The objection to the 10th clause is based upon the assumption that the 1st and 12th clauses are invalid, and that the 10th clause is so interwoven with the 1st and 12th clauses that, if they are pronounced void, the whole scheme of the will falls, and the 10th clause goes down with it. Holding the 1st and 12th clauses valid, the contention in regard to the 10th clause also fails. [204 U.S. 478, 488] The appellee also urges that, by reason of the direction contained in the will to sell the real estate, it thereby became constructively converted into personalty at the time of the testatrix's death, and that, regarding it as personalty, the trusts created are still less open to any objection set up by the appellants. Although the provisions of the subchapter containing 1023 apply to personal property generally, as well as to real estate, except where, from the nature of the property, they are inapplicable, yet, when it is seen that, even in regard to real estate granted to a domestic corporation for the purposes mentioned in this will, a perpetuity may be created, it seems to be still plainer, if possible, that it would not be against the policy of the District, as evidenced by the statute, to affirm the legality of a trust of this kind in relation to personal property which is to be sold and the proceeds taken to another state by a foreign corporation for the purpose of administration in that state. In any aspect in which we can view the case, we think the disputed provisions of the will are valid.

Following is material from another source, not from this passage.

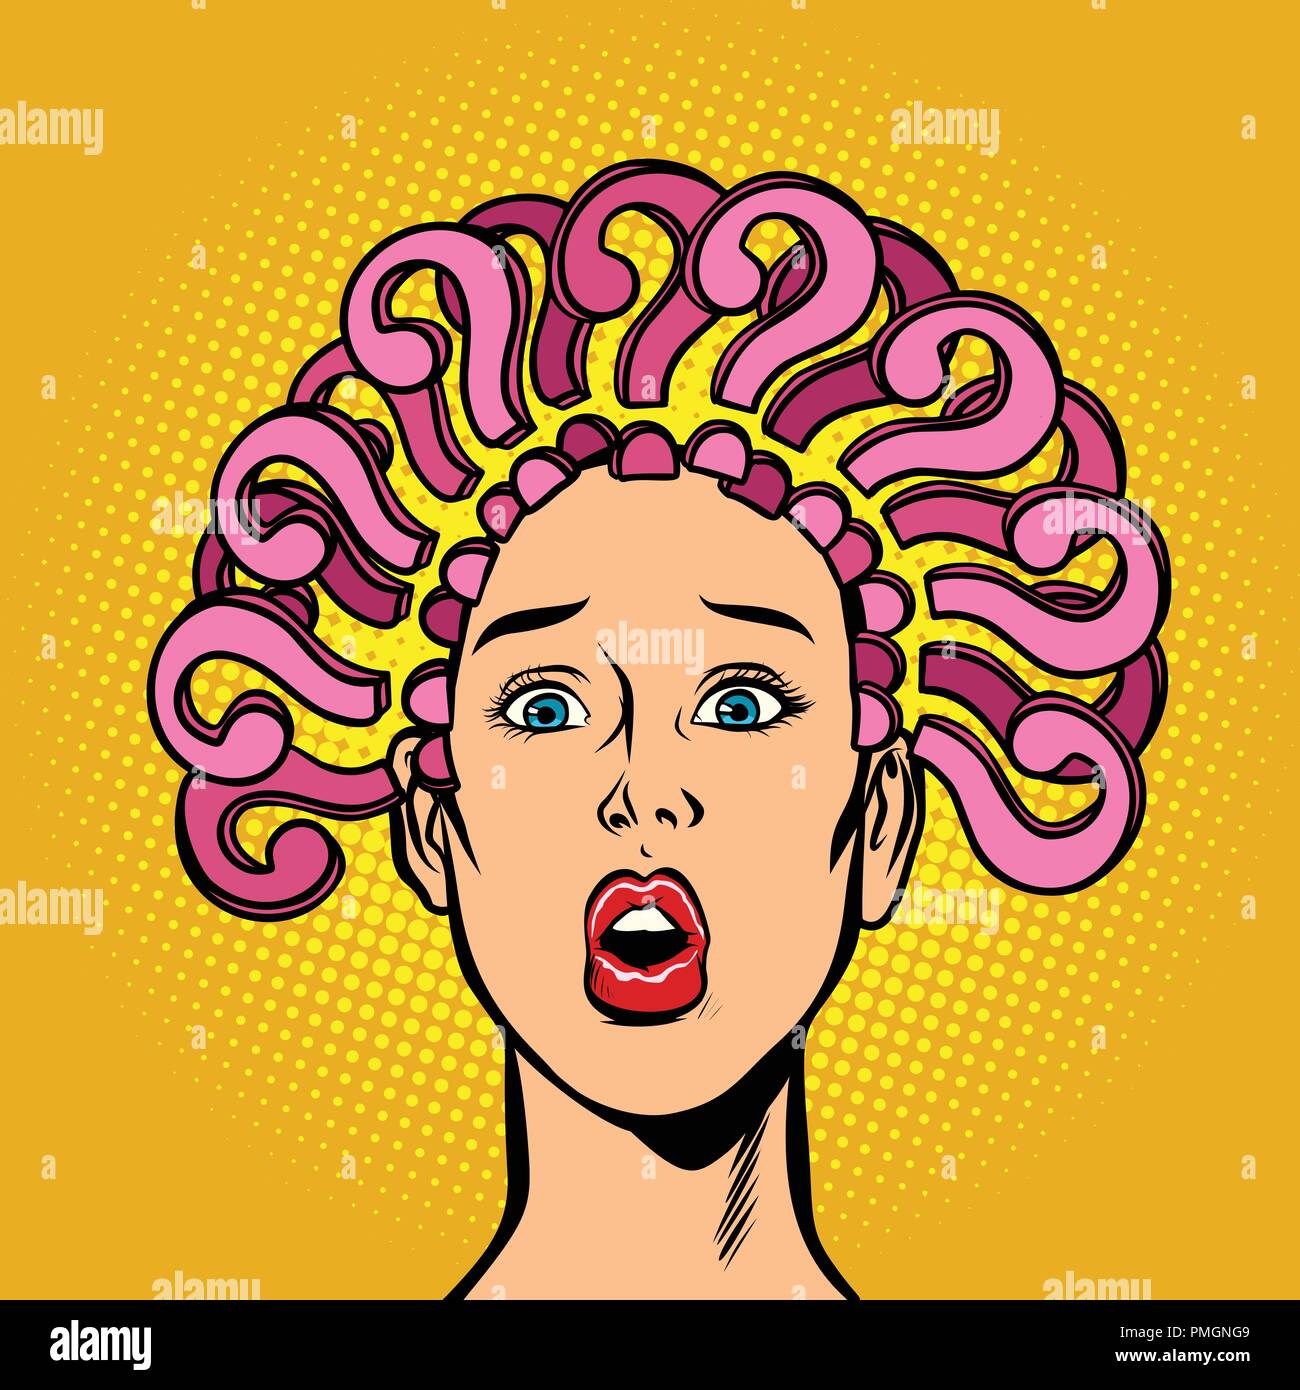 question mark, hair on the head, surprised woman Stock Vector

In regard to costs, the courts below have charged the appellants with costs, and we think the same rule should obtain here. The executor may apply to the Supreme Court for such allowance out of the fund as it may think is, under all the circumstances, proper.
Tenth. It is my will, and I order and direct, that $5,000 be raised out of my estate, to be expended in erecting a suitable monument at the grave of my dearly beloved husband, E. L. Andrews, in Greenwood Cemetery, Brooklyn, New York.
Twelfth. It is my will, and I order and direct, that all the rest and residue of my estate, real, personal, and mixed, wheresoever it may be found, and of whatsoever it may consist, shall be converted into cash, and said cash invested in United States securities, the interest and income from such securities shall be used by the said Greenwood Cemetery Company, of Brooklyn, New York, as trustees, in addition to and together with the trust fund hereinbefore mentioned in clause 1 of this my last will, for the purposes and to the benefit of beautifying and keeping the aforesaid Andrews cemetery-lot in perpetual good order and condition.